▶ _TASK GOAL_
A letter-for-letter copy of the listing is required, with no pictures in it.

▶ _SOURCE DATA_
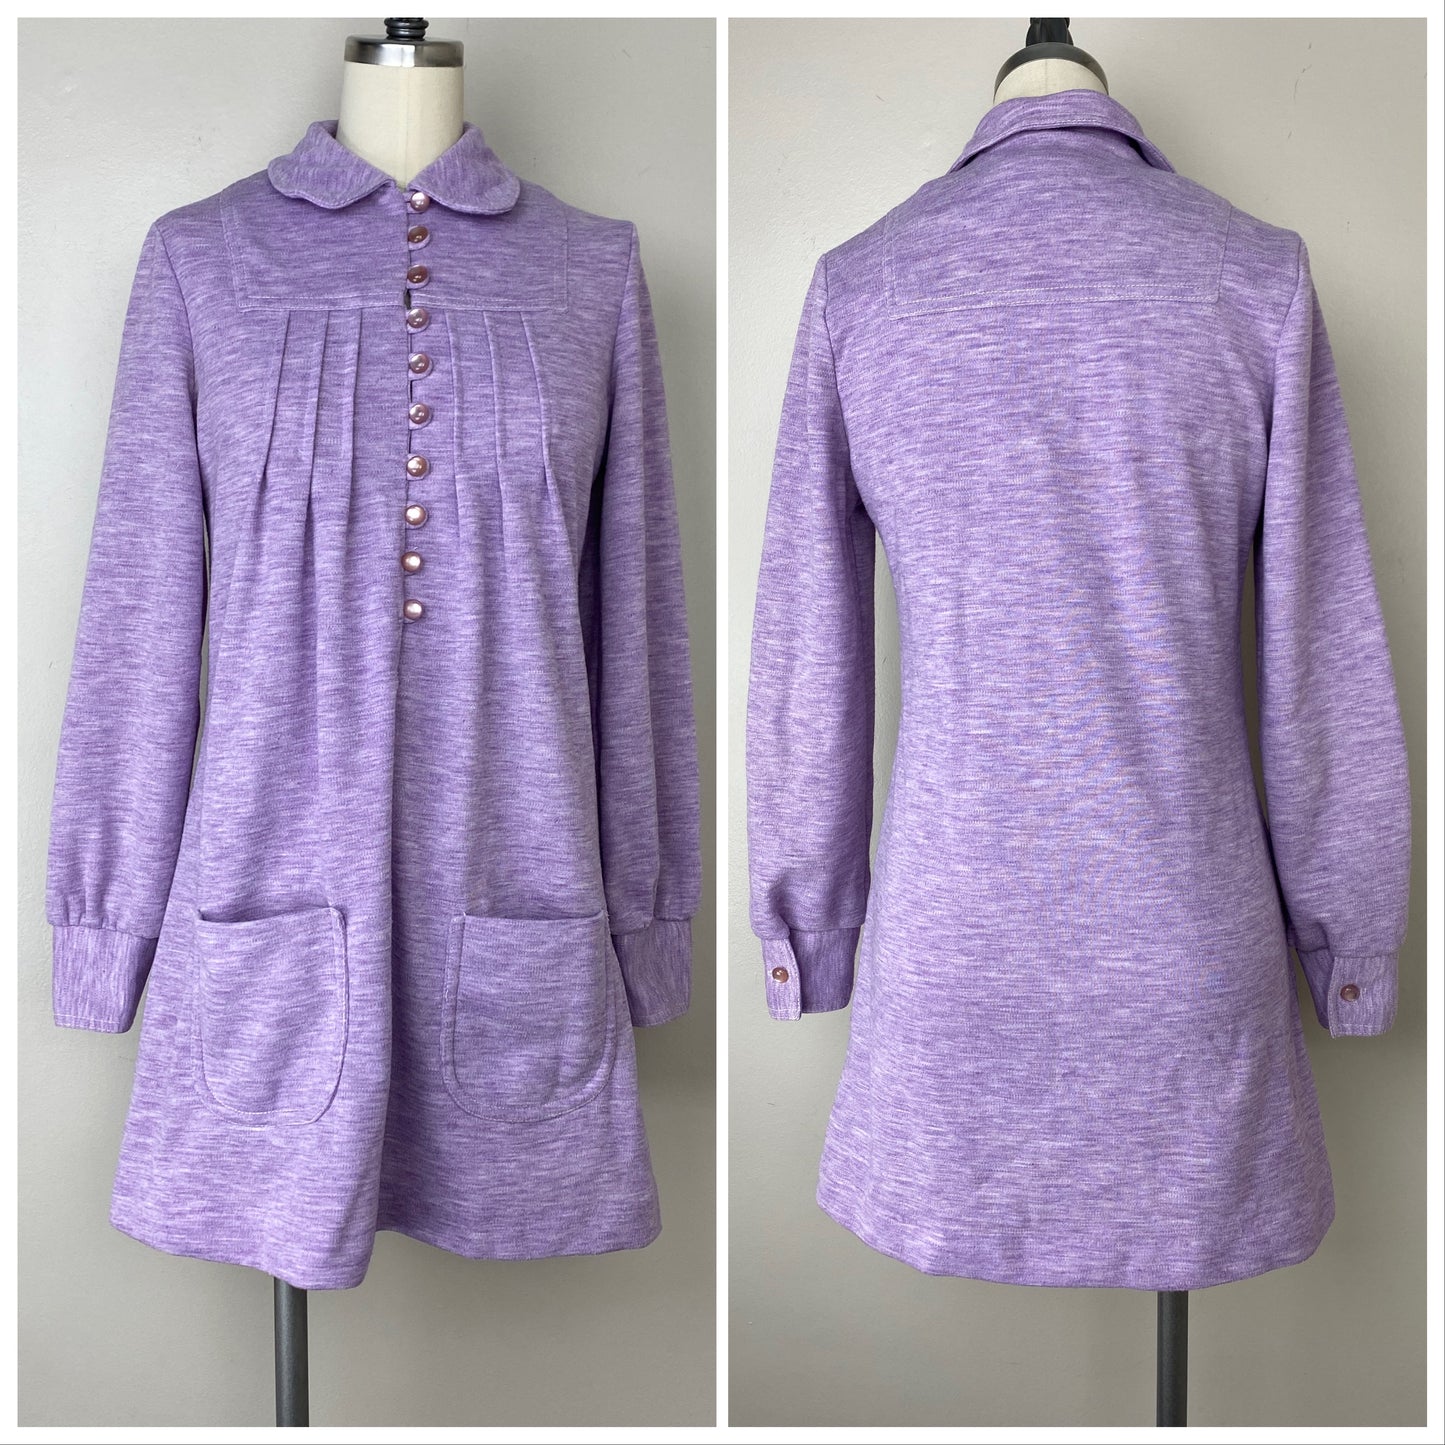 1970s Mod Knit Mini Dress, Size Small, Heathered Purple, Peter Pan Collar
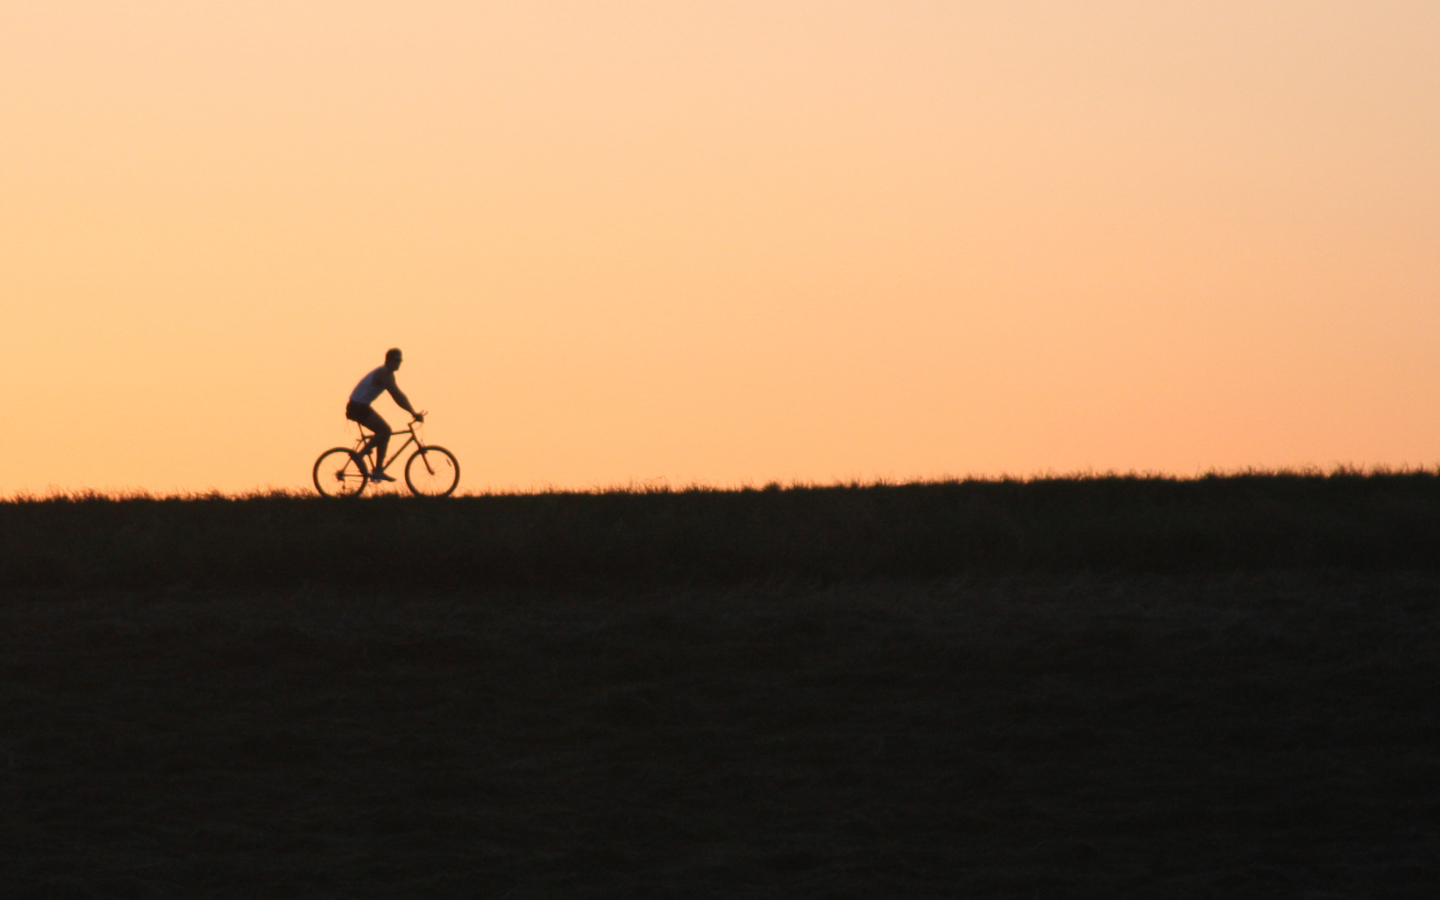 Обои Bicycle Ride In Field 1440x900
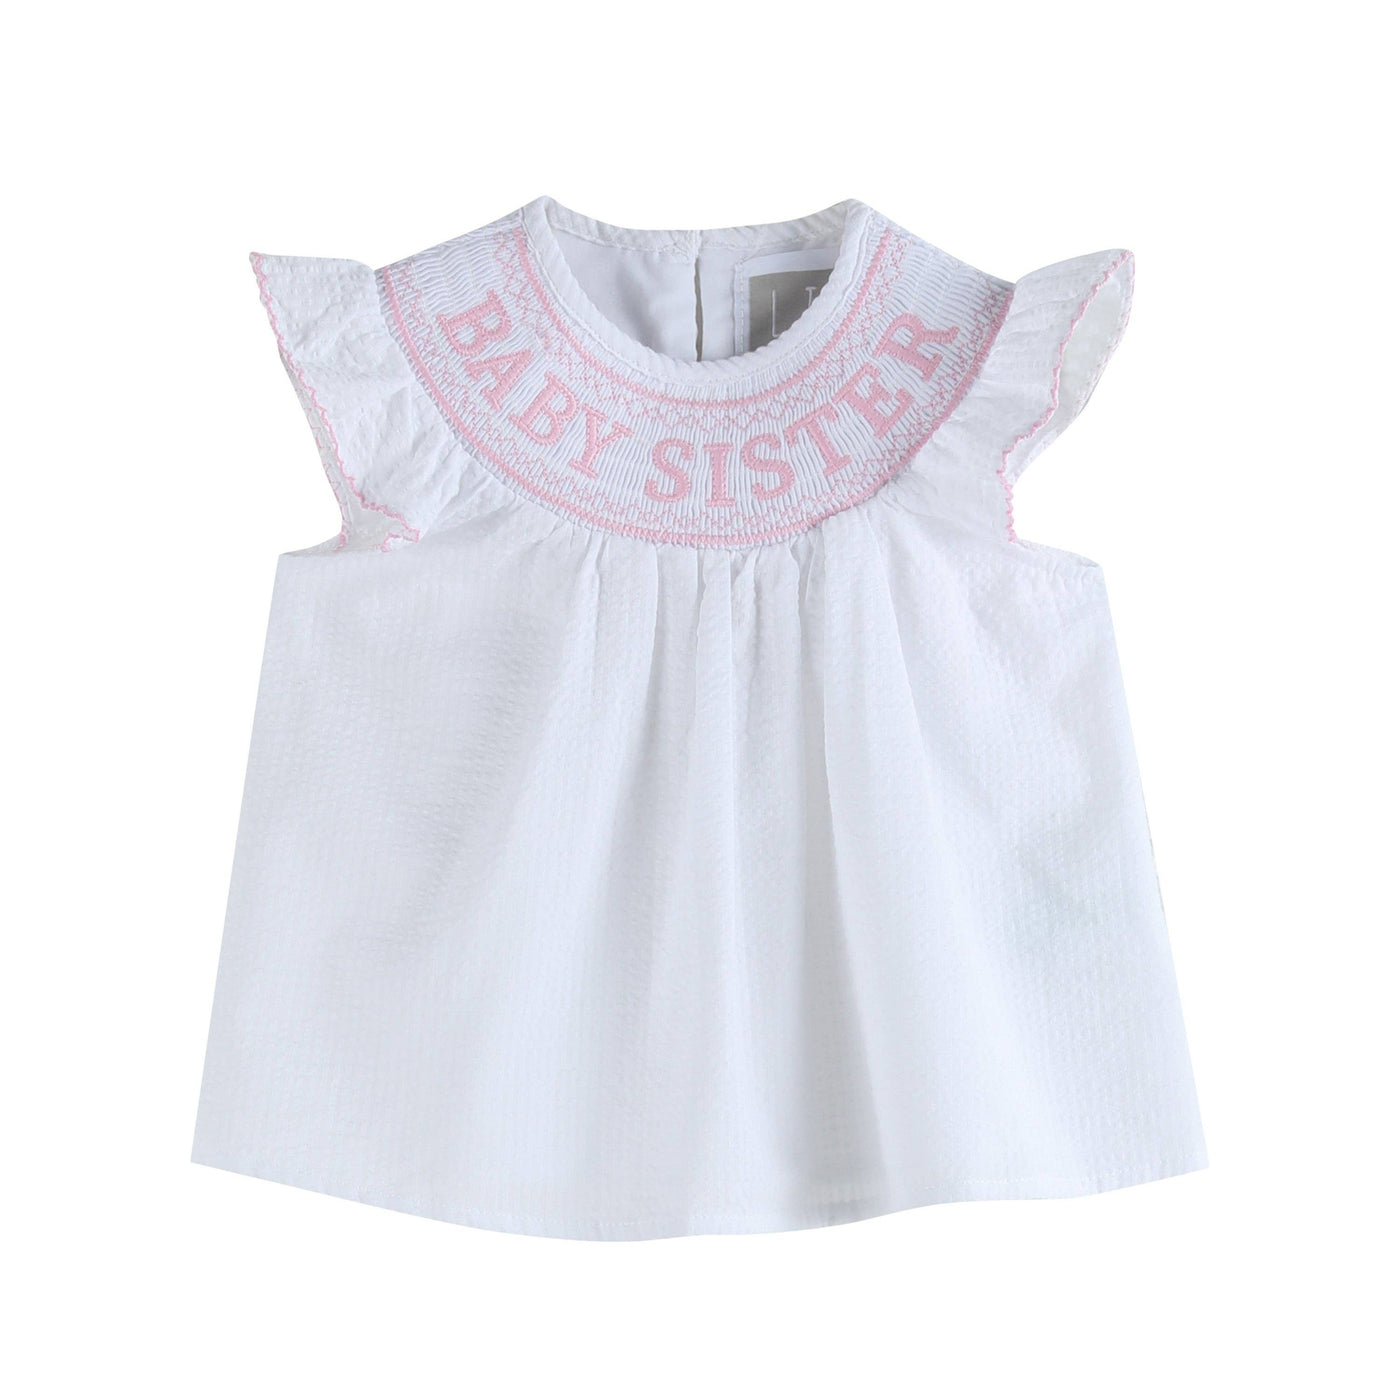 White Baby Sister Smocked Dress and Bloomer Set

▶ _OUTPUT BELOW_
 1970s Mod Knit Mini Dress, Size Small, Heathered Purple, Peter Pan Collar
 Обои Bicycle Ride In Field 1440x900
 White Baby Sister Smocked Dress and Bloomer Set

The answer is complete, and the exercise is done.